Q: Is investing overseas a good idea for retail investors?
Gupta: Investing in international funds is generally a good idea for all investors regardless of the profile and the geography that you are in. We tend to restrict our investments heavily to India not realizing that we are taking a large amount of risk in the Indian market. There are markets beyond ours that are doing very well and that we should take advantage of whether it is developed or whether it is emerging.
There are two routes that one can use to invest in global securities; one is to invest in a range of international mutual funds that exist in India. So, a number of the global fund houses or the local fund houses like a DSP or Goldman or an ING offer funds that give exposure to international stocks. So, that is one popular route that one can use. Motilal for instance has a NASDAQ ETF, so there are many different vehicles that one can invest Indian rupees in.
The government has also given investors an LRS limit that is USD 200000 a year that one can use to invest in pure foreign assets. That process is a little more complicated in terms of setting up global accounts, working with the global brokerage, so both those options exist. Typically, 5 percent of ones portfolio can go at the beginning towards international investment.
Q: I wanted to know about the portfolio allocation: say at age of 25 what your portfolio allocation is, say at of 30 what your portfolio allocation and as age progresses?
Gupta: Allocation depends on two or three things. The stage in life you are at, the kind of cash flows and cash outflows that one is going to have.
So, typically when one is in their 20s, one can afford to be a lot more aggressive because you don't have too many liabilities. As you move into your 30s and 40s and you have children and their education and marriage to plan out, you have less liabilities.
As you move into your retirement you have further less liabilities, but your cash flow stream comes down. So, it is generally a more conservative approach as you grow older is advocated.
For a young individual who is 25, we typically recommend that 50-60 percent of your allocation sits in equities, 10-20 percent in commodities.

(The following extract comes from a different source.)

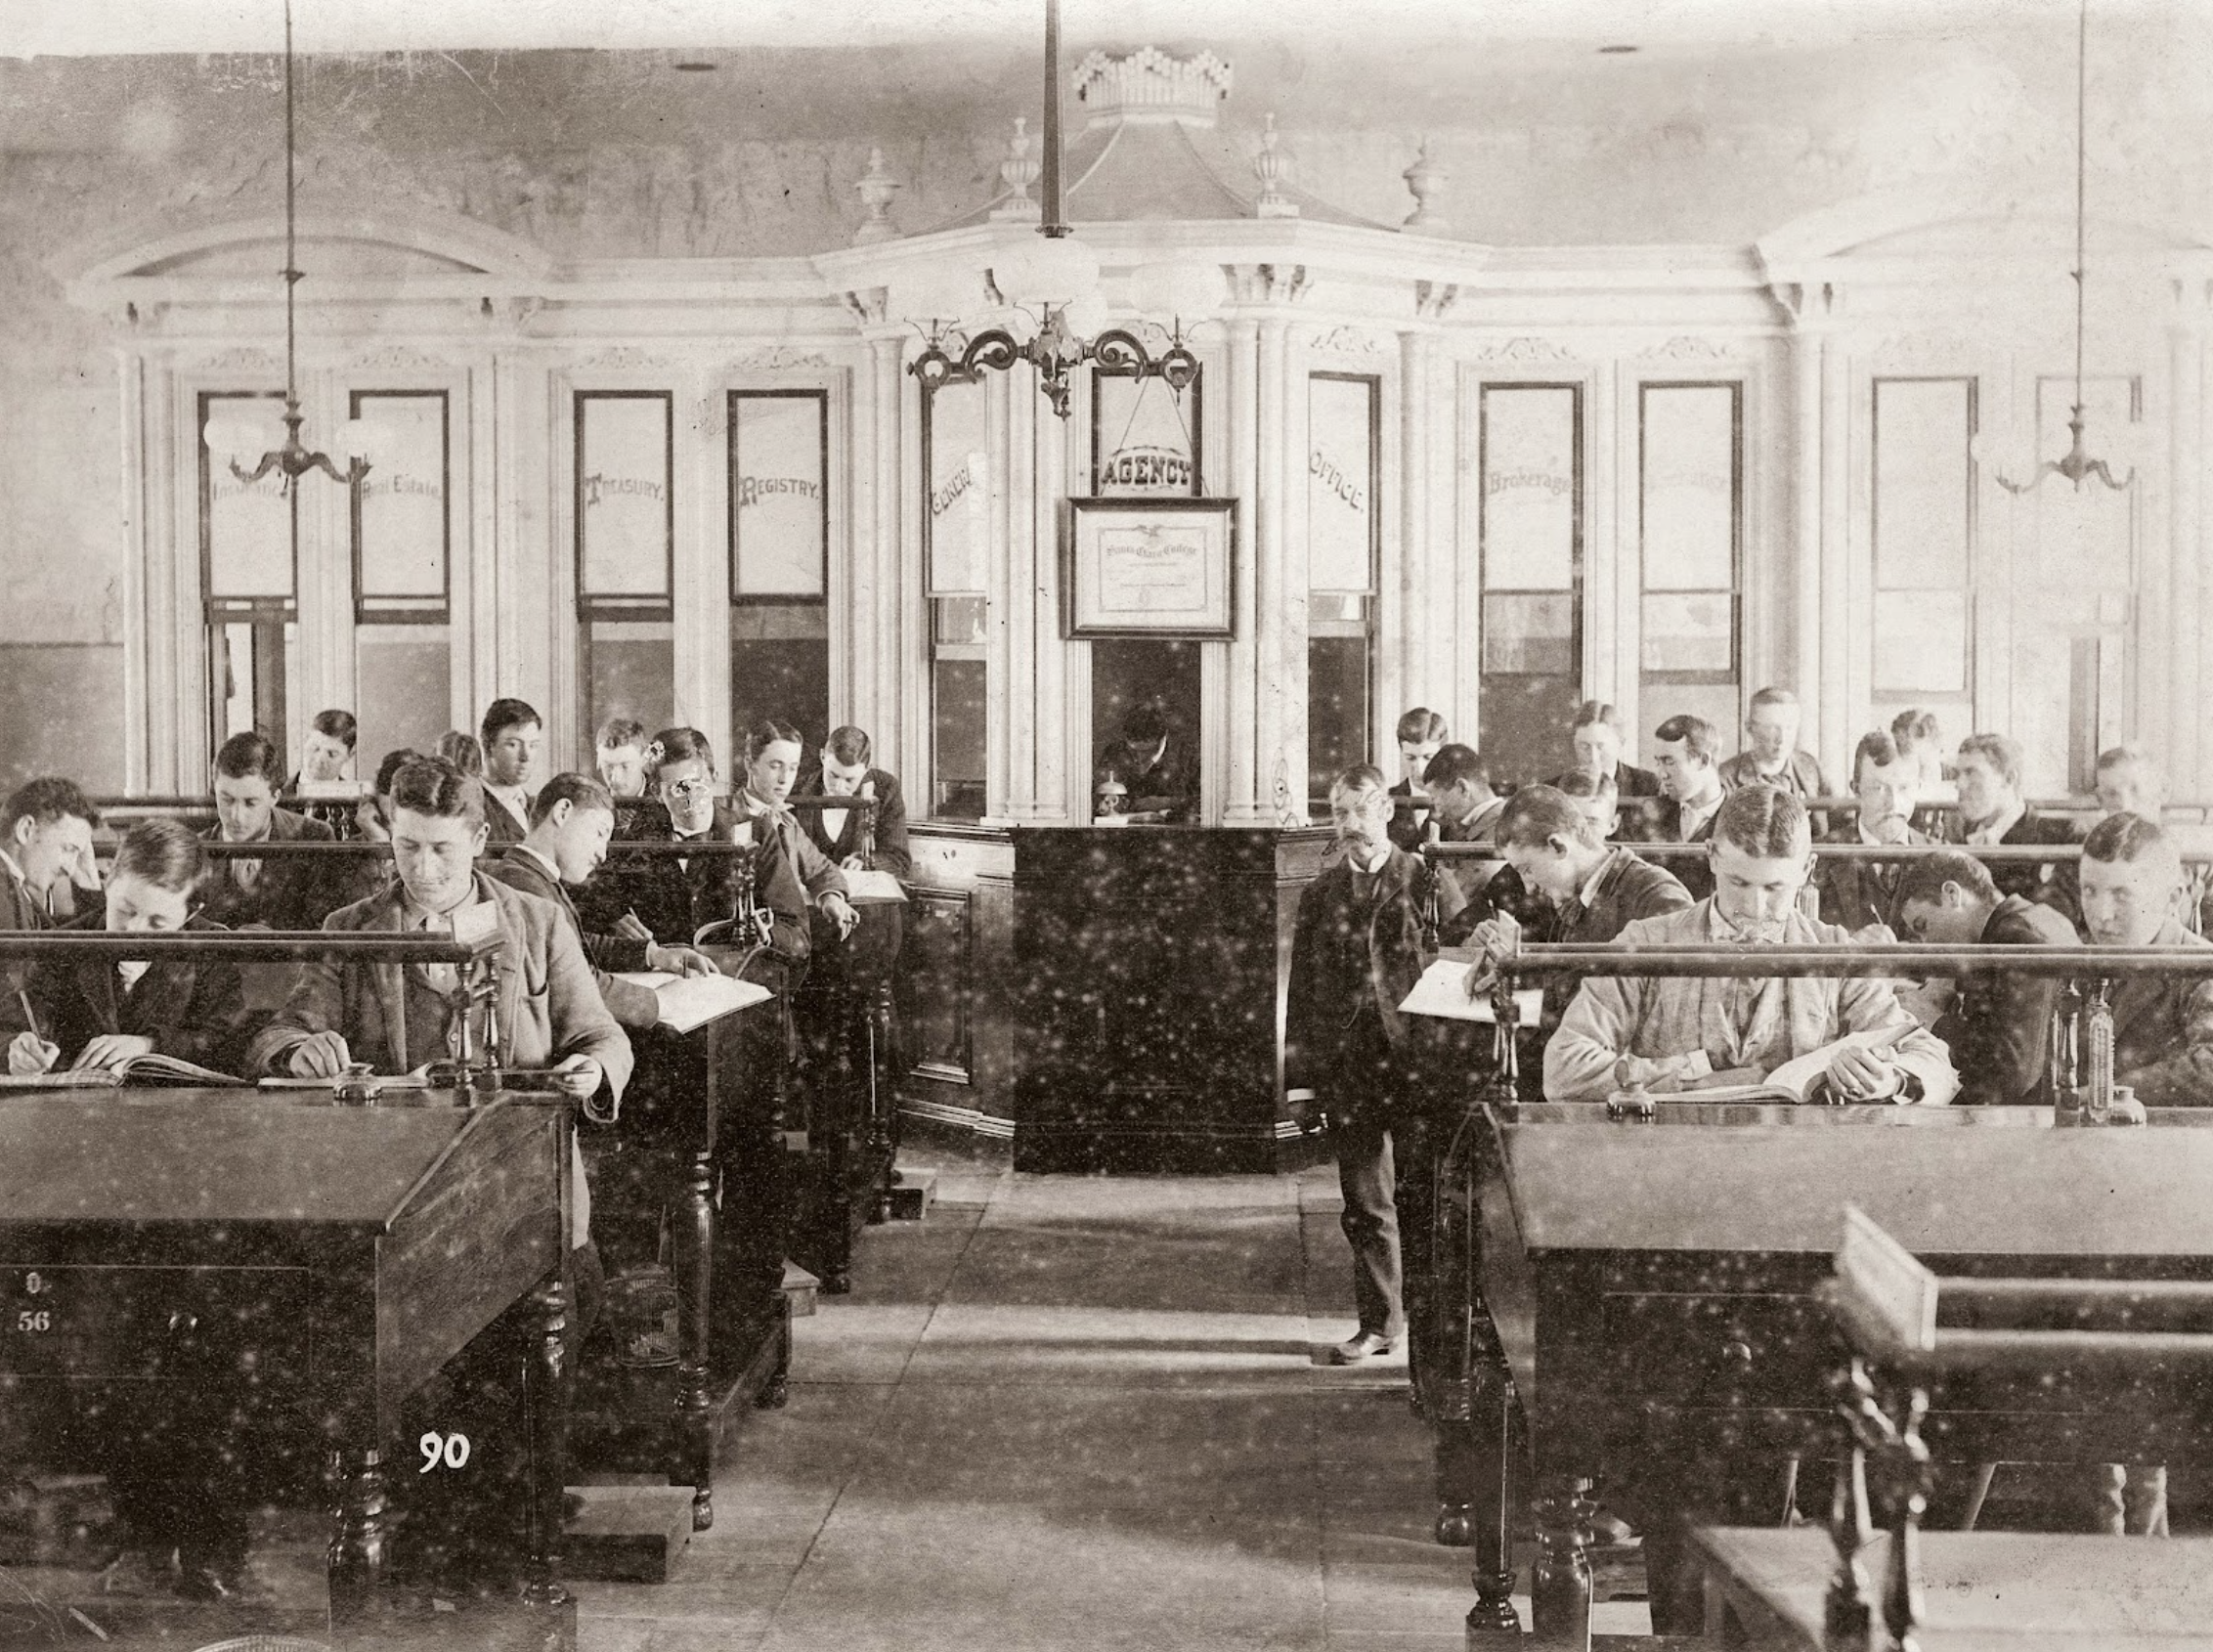 Historical photo of a Santa Clara University classroom from 1854

The balance in debt and maybe a very small portion in alternative investments like international funds or more exotic funds. Real estate is a separate investment avenue.
As you grow into your 30s and 40s that allocation to equities reduces from 50-60 percent to 30-40 percent and as one moves towards your retirement, one should look at maybe 20 percent in equities and the balance in more fixed instruments with a little bit of gold in the portfolio.

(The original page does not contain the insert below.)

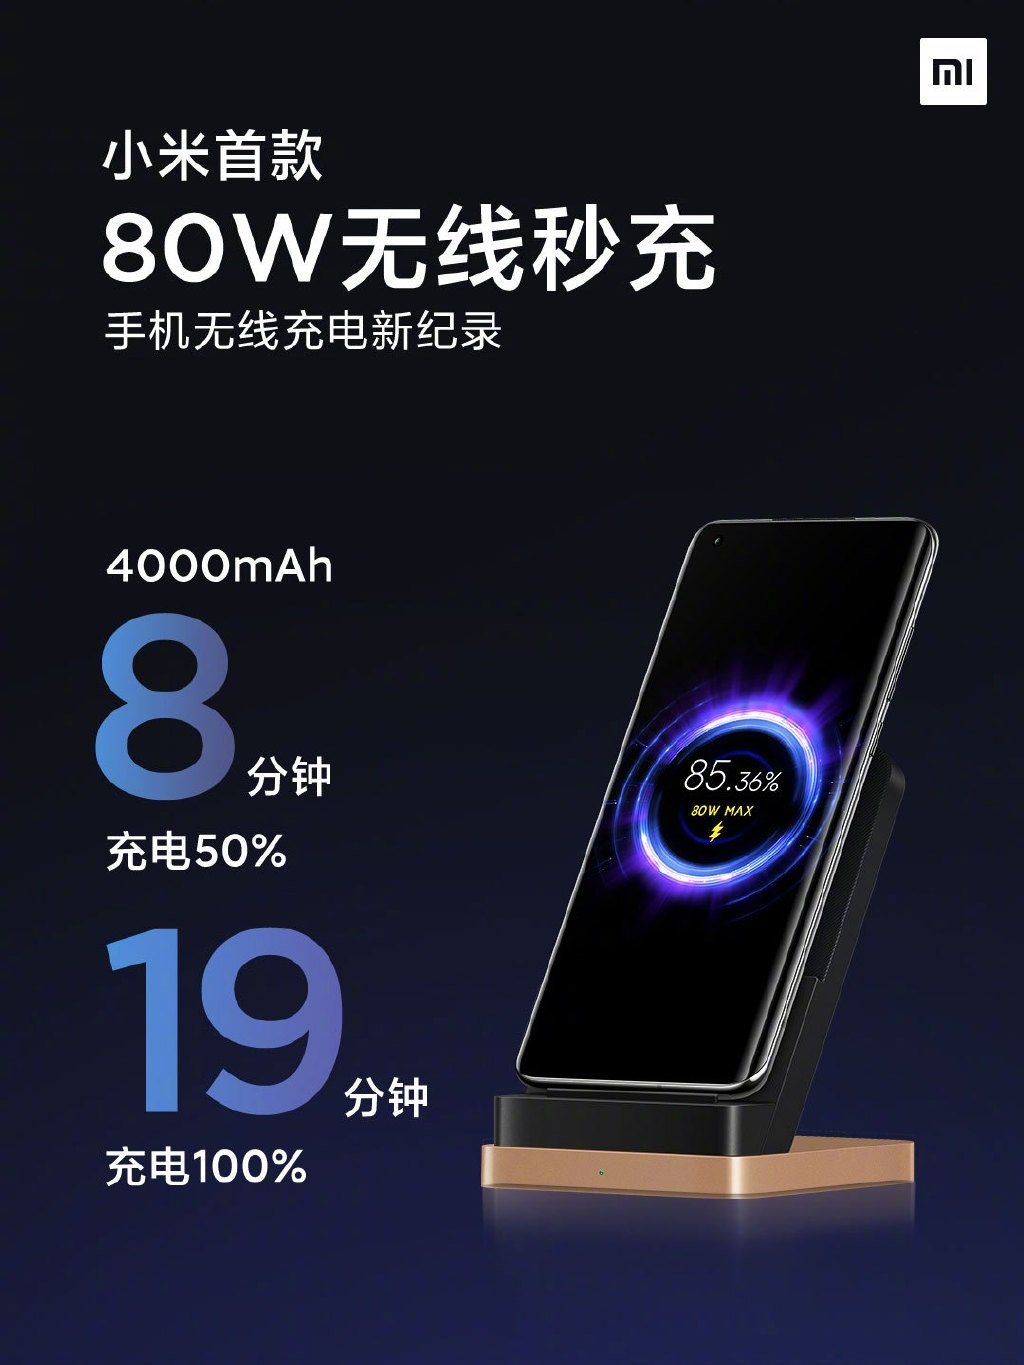 Xiaomi 80W Wireless Charging

As one moves into retirement in terms of allocation, one should also look at monthly income to match ones cash flow requirements.

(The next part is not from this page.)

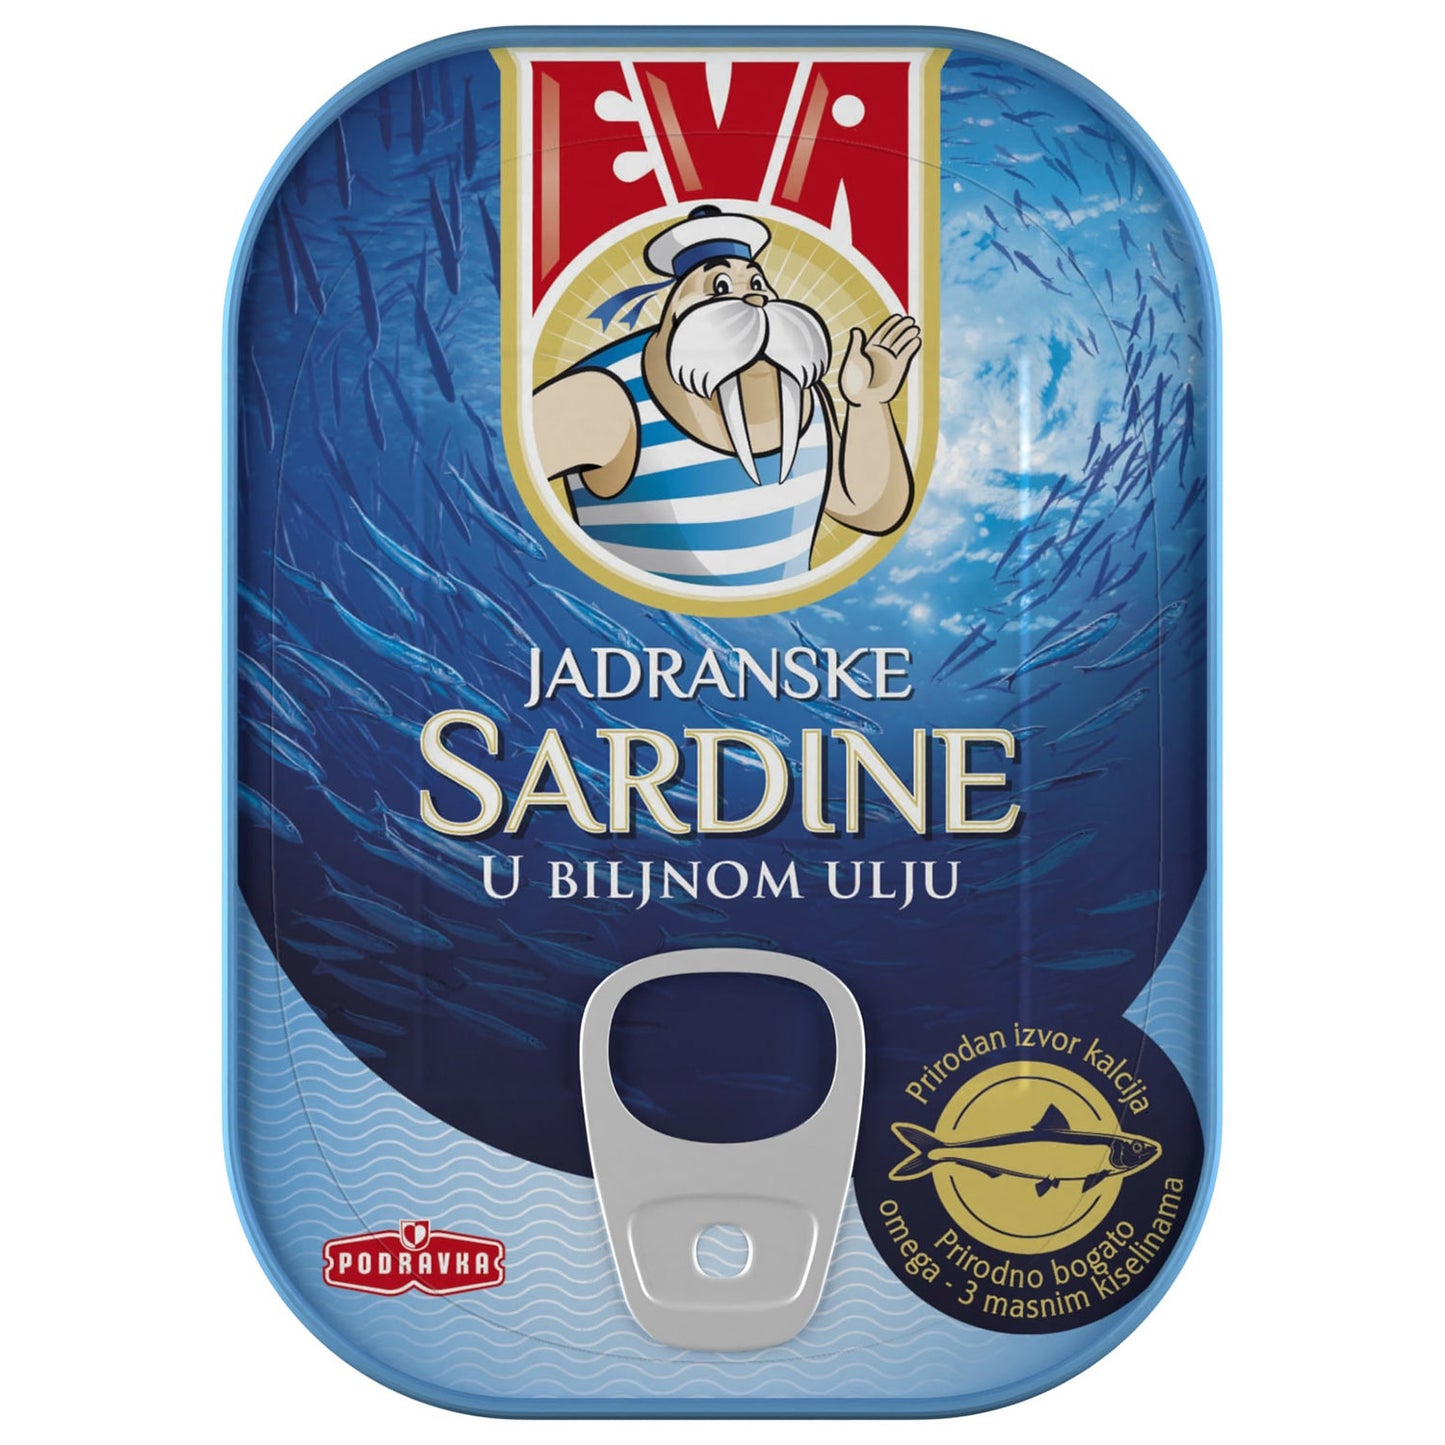 Eva Sardine u biljnom ulju - Sardiner i vegetabilisk olja 70g

Q: When one is investing equity what is the type of sector mix that one should go for?
Mehta: We are in a kind of in between phase at this point of time. Maybe a month ago or so everybody though that interest rates would come down and cyclicals would do well and this rally would continue, maybe another 4-5 percent, but it seems to be sputtering at this point of time.
We are seeing the money flowing back into the defensive sectors. My sense is that if one or two months ago we feel that they should get into interest rate sensitives or some of the commodity stocks or the cyclicals, I feel that again the bias is shifting towards the FMCGs and defensives like pharmaceuticals maybe even technology.
My personal bias or preference has always been for the non capital intensive industry. So, that comes to FMCG, technology, pharmaceuticals in these three sectors if you are about 70-80 percent, you are fine. Then the balance 20 percent could be in banks, especially, good quality banks or even an institution like IDFC.